Late presentation of HIV occurs when people are newly diagnosed at a late stage of infection, defined as having a CD4 count below 350 cells/mm3, or as having an AIDS-defining illness within 6 months of diagnosis. Being diagnosed late with HIV can increase the risk of AIDS-related deaths, because antiretroviral treatment (ART) is less likely to work as effectively. Being diagnosed early is also important from a prevention point of view - this is because people who are aware of their diagnosis are more likely to take measures to ensure they do not infect others. From a public health perspective, if people are on treatment, they can maintain a low enough viral load that they are less likely to transmit the virus to others.

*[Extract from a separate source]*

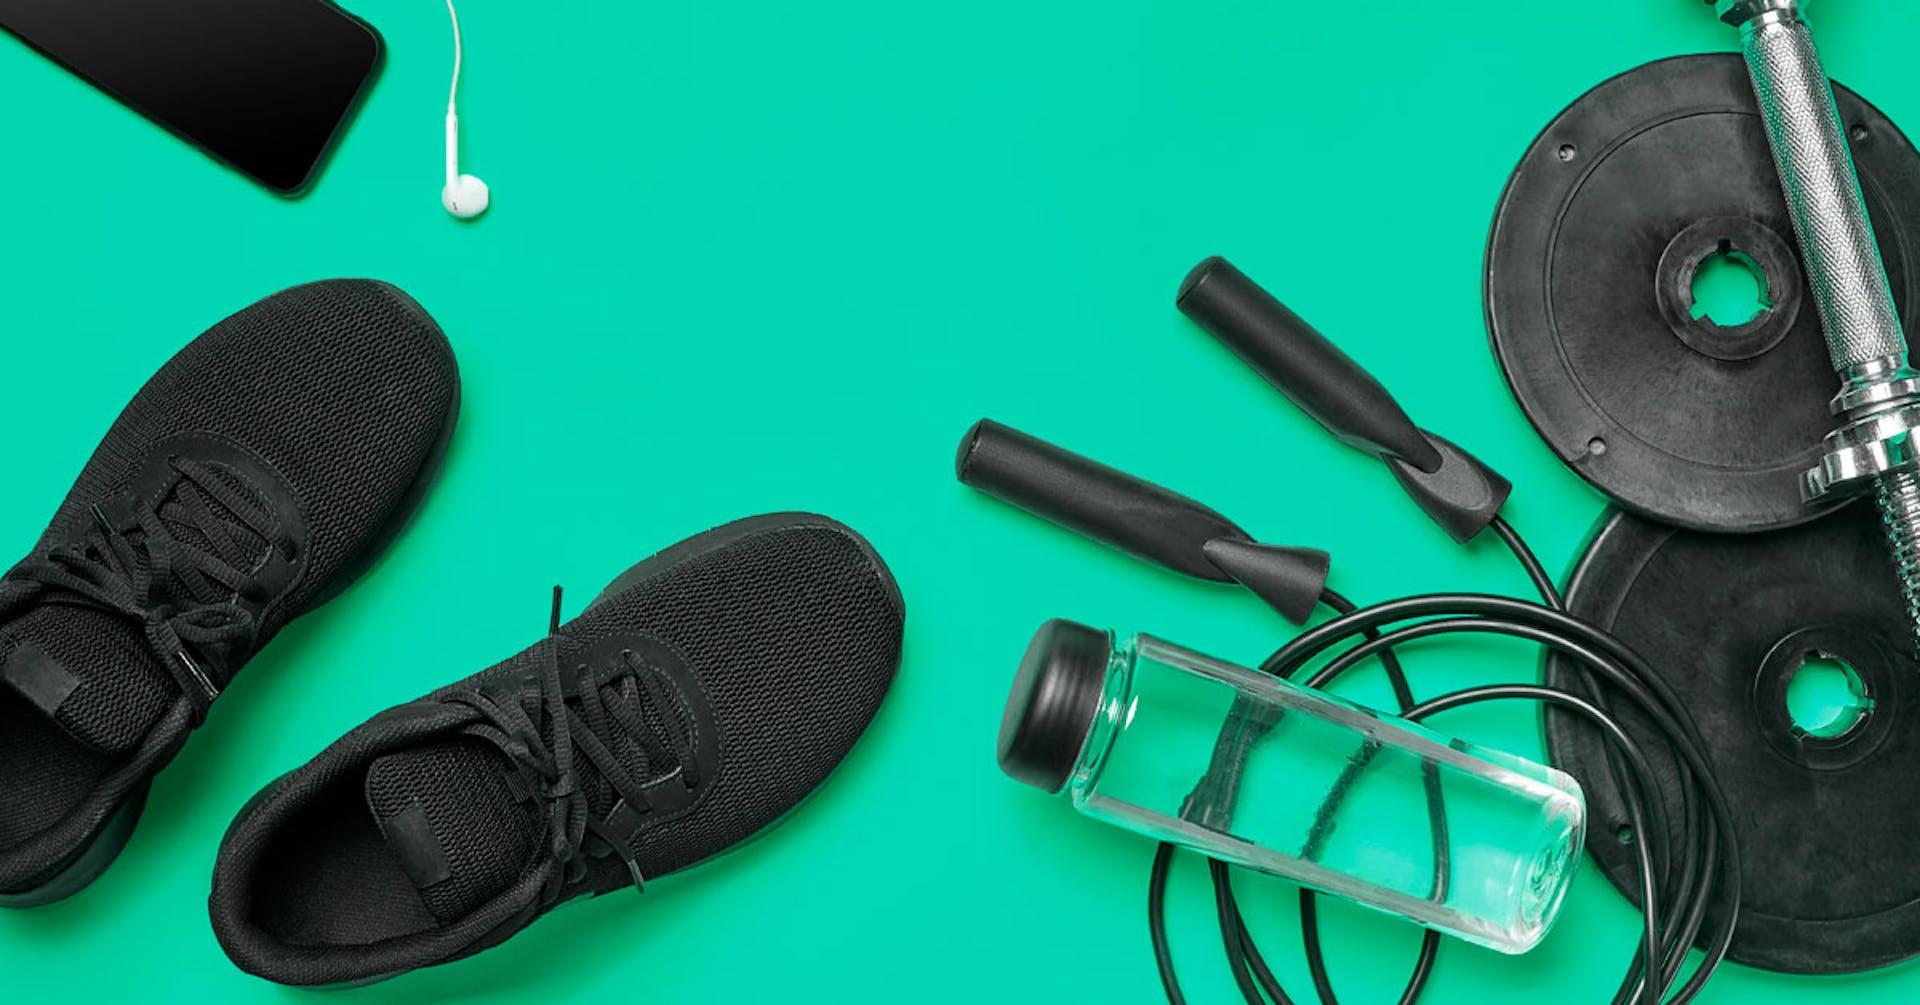 ¿Cómo empezar una vida fitness? Emprende tu camino hacia una vida saludable

The study included 84,524 individuals, from 35 countries, over a ten-year period. It found that people diagnosed late with HIV infection, had a higher mortality rate, especially in the first two years after diagnosis. The groups that had the highest incidence of late presentation over the entire period were heterosexual males (66.1 percent), individuals of African origin (65.1 percent and Southern European countries (57 percent). The authors noted that men who have sex with men (MSM) across the continent have witnessed decreases in late diagnosis, as have male and female heterosexuals in Central and Northern Europe. IDUs continue to remain an at-risk group for late presentation, particularly in Eastern Europe.
The authors stated: “increasing awareness of HIV risk factors increased opportunities for testing, reducing barriers to testing, and increasing the availability of effective ART will help address ongoing HIV transmission across Europe, and especially in Eastern Europe, where the number of newly diagnosed infections continues to be very high.” They conclude that testing strategies should be targeted at high-risk populations, through both the health care system and community-based programmes, to ensure timely diagnosis and retention of care.